Area 2: This area is above the Wazirabad Barrage (flood control dam).  It is comprised of both privately owned and government (Delhi Development Authority or DDA) land.  It floods seasonally based on the severity of the monsoon rains.  The farmers live here temporarily and some have permanent residences elsewhere.  There are vegetable and cereal crops, as well as a few small herds of water buffalo.  This is also the field in which we were told to stay on the path since there are cobras—just moments after we had bushwhacked our way through to find a path!  There are also natural ponds scattered along this stretch of land.  The main road along the eastern boundary is elevated, perhaps functioning as a natural flood barrier during monsoon season, which isolates this area, and makes it a bit of a challenge to find a pedestrian path down into it.

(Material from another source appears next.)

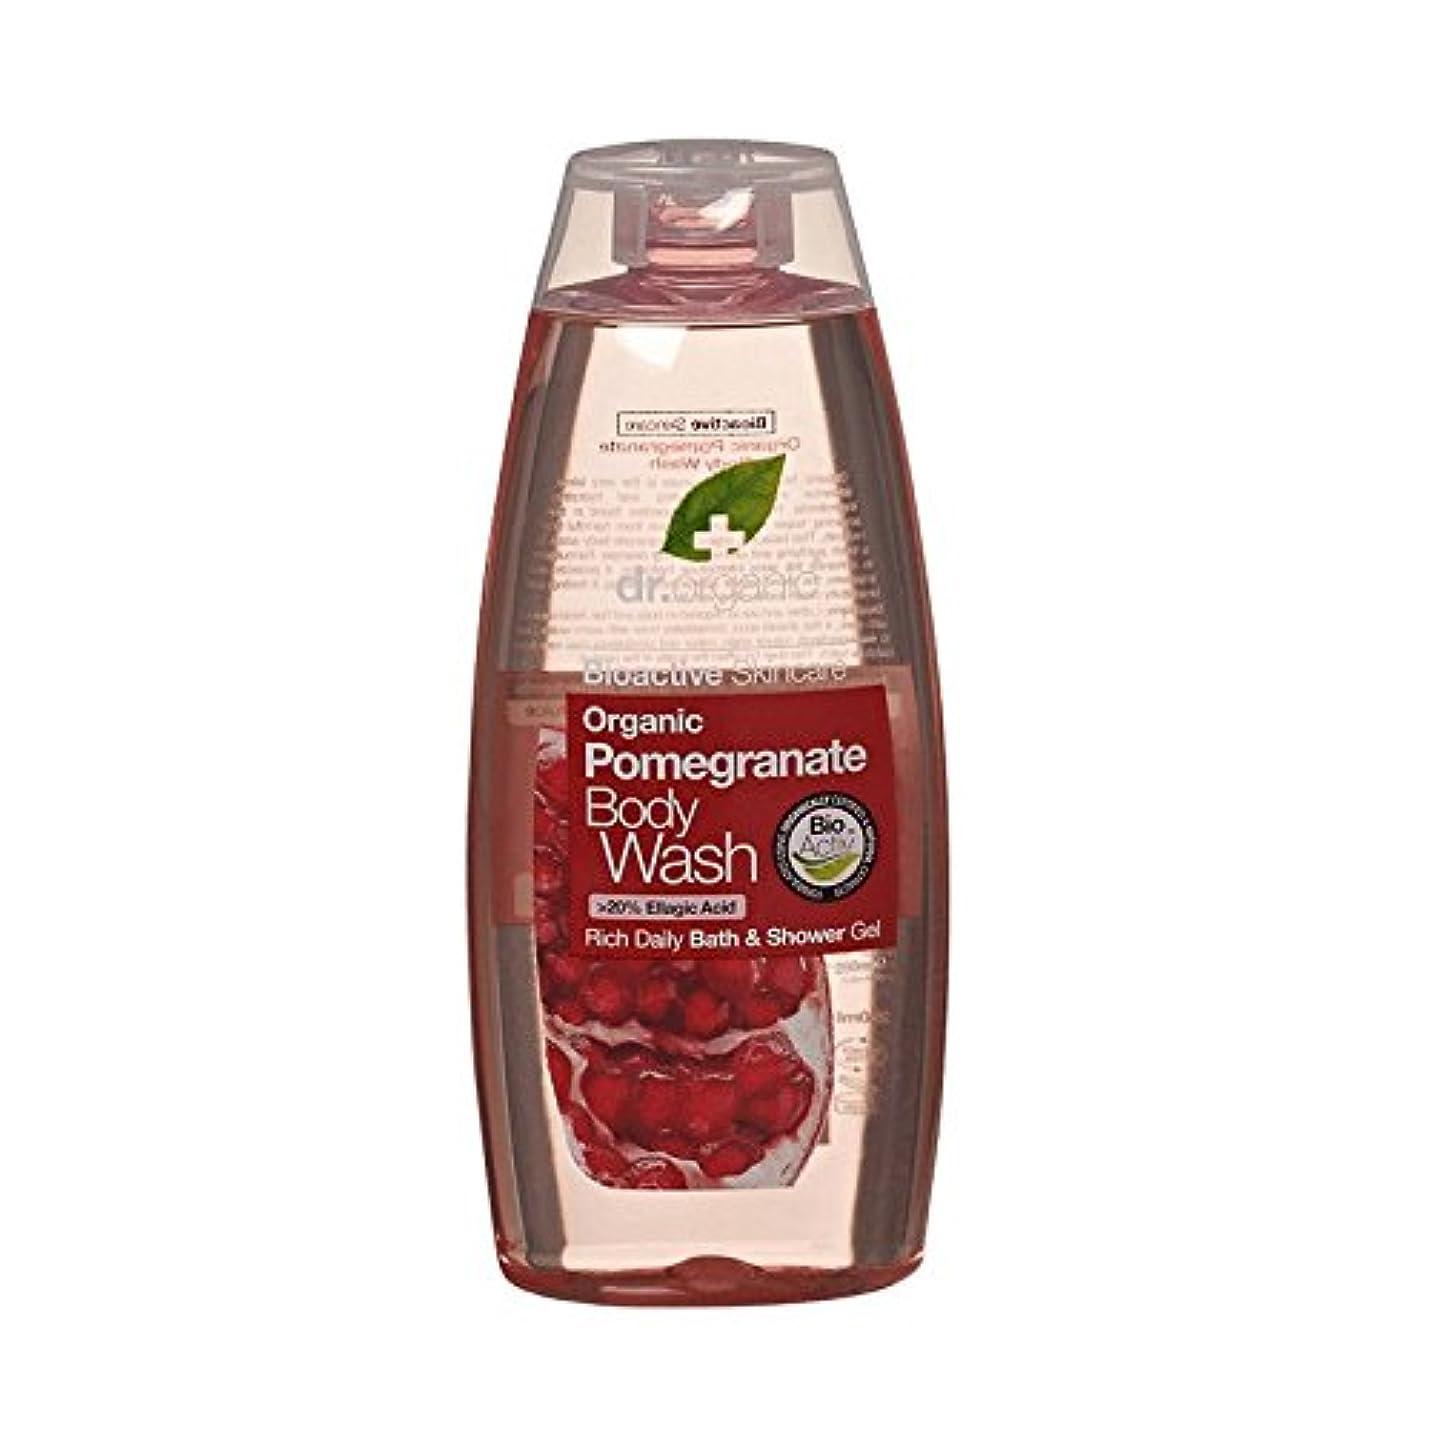 排泄する暖炉クローゼットDr Organic Pomegranate Body Wash (Pack of 2) - Dr有機ザクロボディウォッシュ (x2) [並行輸入品]

Area 3: This is a tiny island that supports a small farming community.  It requires a rowboat to access it.  It is below the Wazirabad Barrage, meaning that the quality of the water is problematic, and irrigation is by means of wells.  There are a number of islands supporting agriculture in the Yamuna, and this one produces vegetable crops from end to end.  The housing structures are temporary and rebuilt each year after the seasonal floods recede.  It is DDA land that the farming community leases through a cooperative society (more on that later…).

Area 4: This area sits in the shadow of the Old Iron Bridge.  There is intensive intercropping of vegetable crops.  This area was highly productive of roses until a recent flood destroyed the perennial flowers.  Farmers live in temporary structures.

Area 5: It took a circuitous route to be able to access this area that has recently been bounded on the west by a major interstate highway.  There is also a newly installed park area, complete with pond, benches, and tightly mowed grass.  Farmers live in temporary structures and move to higher ground during the monsoon season to wait out the floods in tents.  Vegetable crops dominate, but there is some sugarcane.  Many farmers have goats or a cow for milk.  This is DDA land.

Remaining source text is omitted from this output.